How can anyone feel something as strong as antipathy for Rice ‘athletics’?
I thought the ceiling was ‘apathy’.
Lose to them in the final game of the season to destroy your chances at playing in the Conference Championship game and you will understand “antipathy.”
The antipathy extends beyond athletics proper to encapsulate all things Rice. I even spent a year doing a certification there and felt like I couldn’t breathe. My only solace was the Rice Girls Are Ugly t-shirt I wore under my dress shirt.
Yeah, I got kicked out of the Rice side of the stadium that day and was forced to watch the second half in the R club. That experience damaged me for life.
Just look at the smugness overhanging the campus, and you will experience it in full.
Personally, I hate old english text font and those stupid looking R’s are everywhere at Rice.

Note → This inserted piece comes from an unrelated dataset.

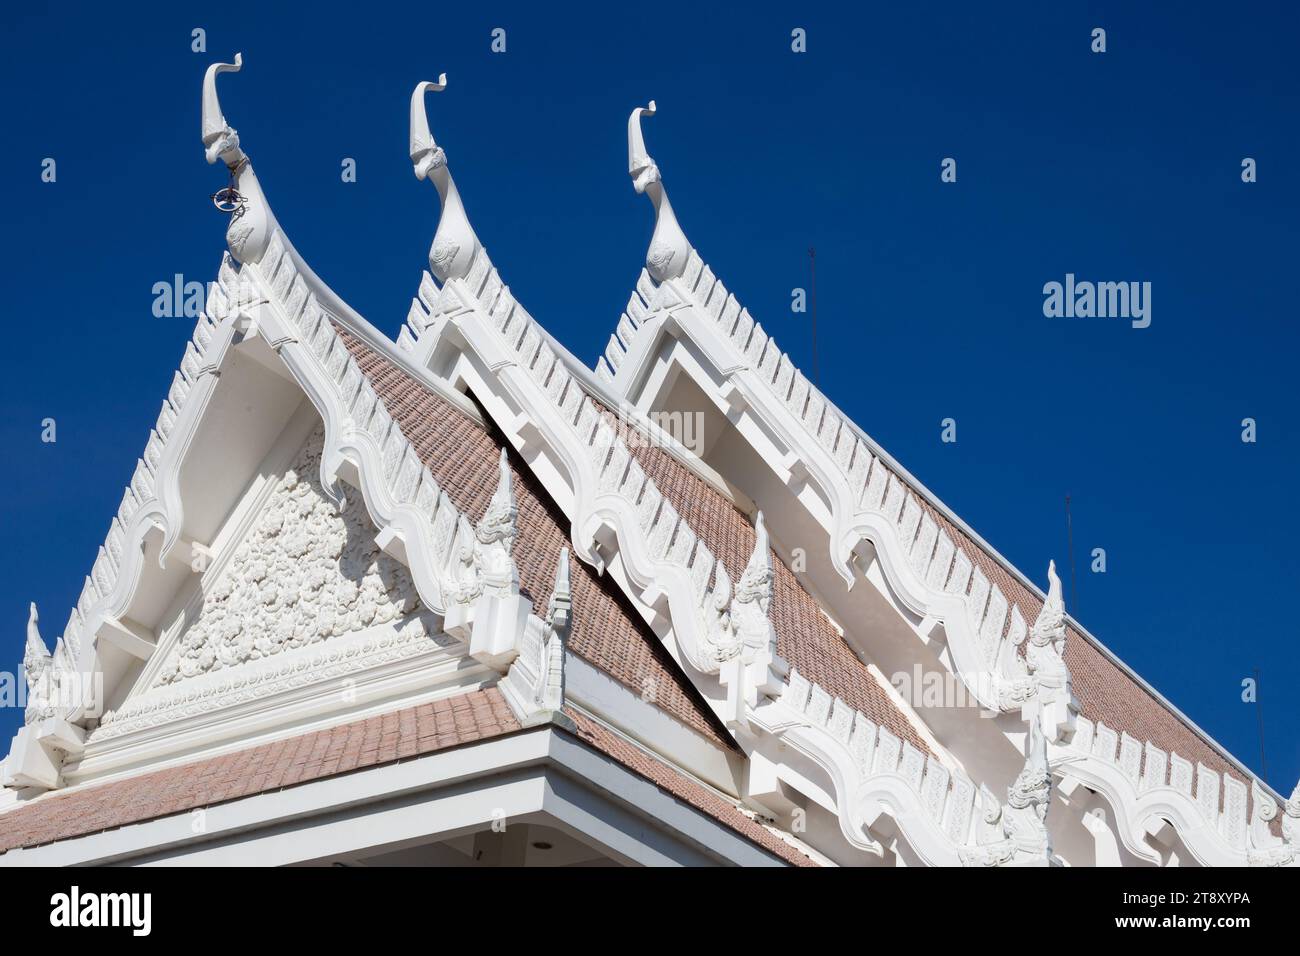 Dach mit Dekoration des buddhistischen weißen Tempels Wat Sawang Arom am Himmel. Stockfoto

I work at Rice, and I think I can sum up Rice by saying I saw a guy wearing a powder blue tuxedo T-shirt today
That would be a good claw in the back to Owls everywhere if, and only if, I had not seen a guy wearing a salmon tuxedo T-shirt at 4800 Calhoun Road just moments before reading this post. Sort it out.
Does it feel lonely in here to anyone else, now that we’re back to normal? Yesterday was a veriable cacophany of democratic (small d) ideals, values, and mores stretching from coast to (third) coast. Today we’re back to 7 dudes engaged in an incestuous internet bromance.
I’m having trouble counting to 7. You sure it isn’t really 6? Does Mooseknuckle count cause he rarely posts?
Moose Knuckle only checks the site from his blackberry anymore… He’s both two cool for school and expelled from this site until further notice (the next golf major). Ya’ll can re-kindle your rivalry at that time.
Any ideas on how to get some regular visitors to the site, Big Hitter? I’m leaning toward having you spam the ever living hell out of the interwebs. Go forth and procreate multiple Fourth and Fifty visitors.
I’m trying – from time to time I post links to articles here on the TXIC subforum on nasioc.com
You know I also link this page via my blog posts on the chron.
Speaking of which, I was live blogging with Solomon during the Rox game on Tuesday and he said that he likes the coogs “big time”. Judging from his piece today on Uncle Dave, I believe him. I started posting on his blog too (as well as Campbells).
That’s why you’re the man.
Moose Knuckle is a huge bitch! How does that look on your blackberry fool?
Things Moose Knuckle Did Last Night:
8=====>
best link EVER!!!
To top it all off, a chick sent me that link the morning I put up the FaFU. Classic.
When Pipez says he works at Rice, what he means is he works in labs…and stuff. He worked in labs in high school…and stuff. He likes labs…and stuff.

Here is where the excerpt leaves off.